To predict the mechanism of this deletion, the presence of repetitive elements in the vicinity of deletion breakpoints was examined for possible associations. The elements identified in the present study were AluSx3 and AluSz6. Alu elements are a family of short, interspersed elements that are RNA polymerase III transcribed retrotransposons which replicate via long interspersed element-encoded proteins and play an important role in genetic diversity [15, 16]. More than one million Alu elements comprise roughly 10% of the human genome [17]. Although Alu repeats have no known biological function, Alu/Alu recombination has been reported to generate approximately 0.5% of human genetic diseases, particularly structural variations [18, 19]. Recombination between these Alu elements tends to occur through highly homologous Alu sequences [20]. The concordance between the two Alu sequences found in the present study reached 97.3%. Consequently, we infer the exon 3–4 deletion identified in this study was induced due to homologous recombination by AluSx3 and AluSz6.

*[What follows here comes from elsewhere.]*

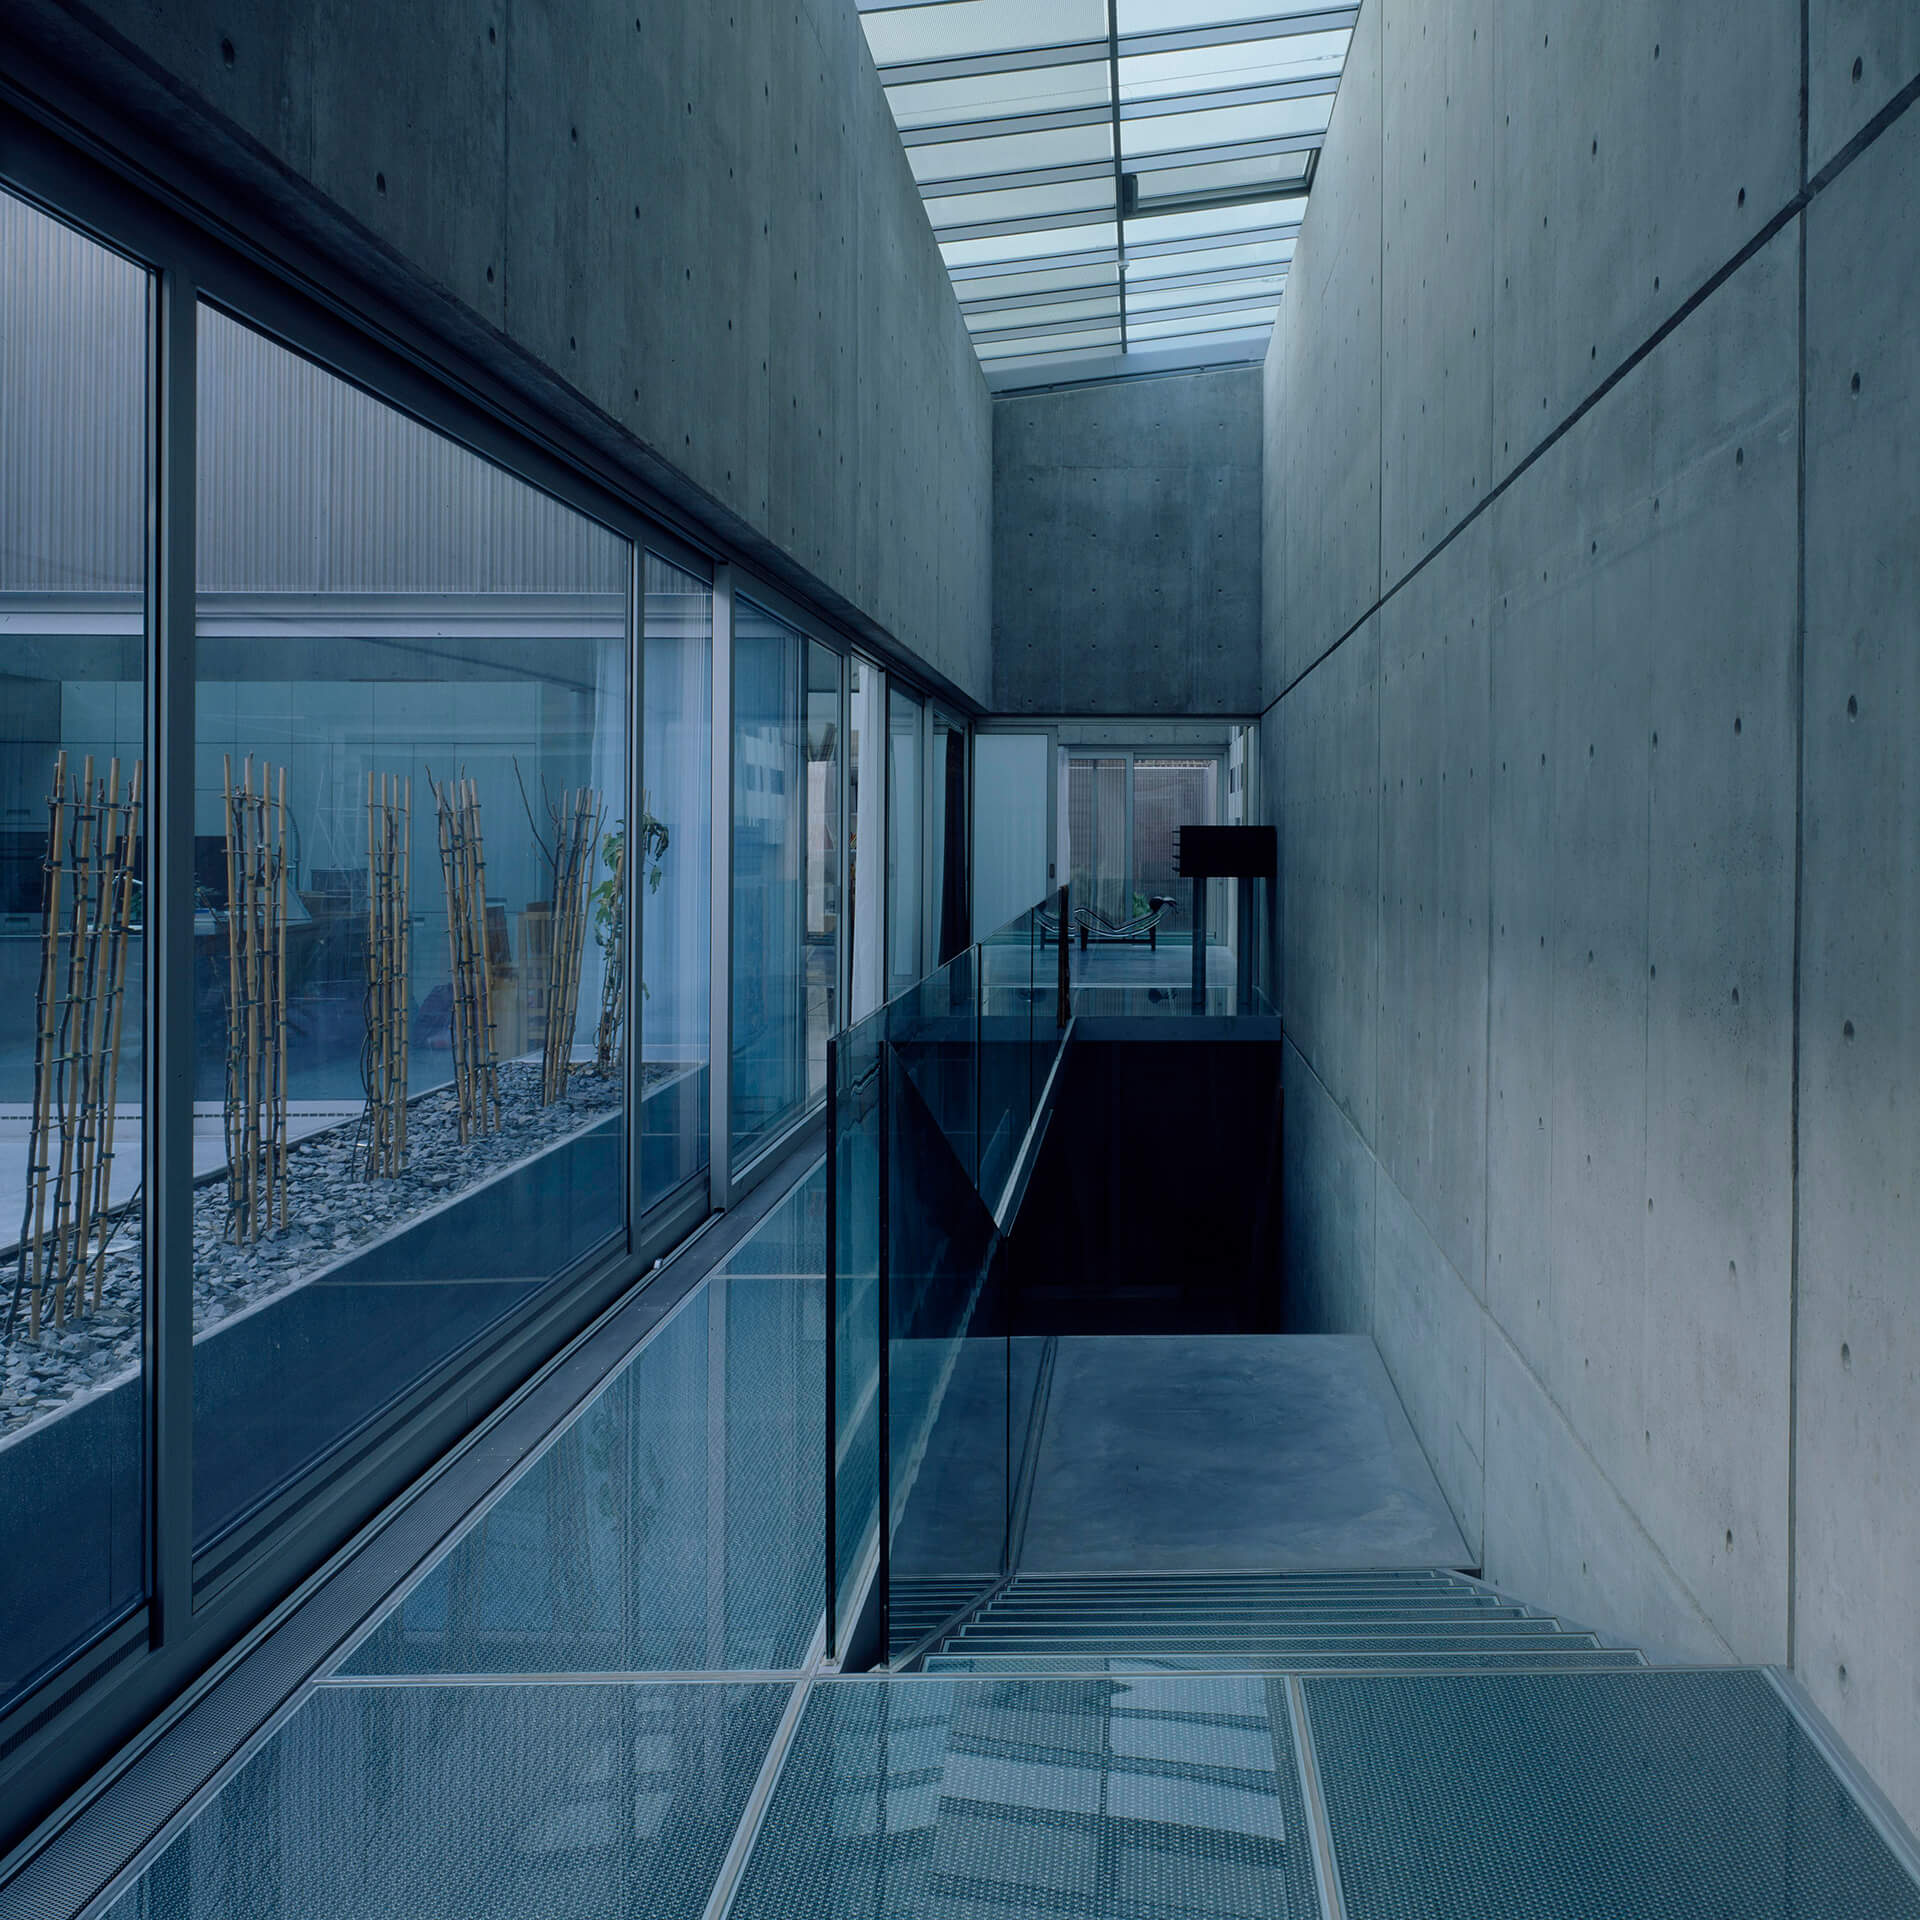 Priory of the Assumption corridor

Although in previous reports missense variants were suggested the main cause of early and late form PKAN [7], the occurrence of these diseases caused by truncated variants has consistently been reported [21]. Furthermore, null alleles were recently reported to be associated with more aggressive progression [13]. Therefore, finding the null variant of PKAN and understanding the mechanism of its occurrence is important for diagnosing and predicting the severity of the disease.

Conclusion

The present study results support the disease-causing effects of PANK2 in PKAN and are significant as the first report indicating that Alu-mediated homologous recombination is responsible for large deletion underlying PKAN. A large deletion in the PANK2 gene should not be overlooked in cases in which molecular diagnosis cannot be achieved through routine workup.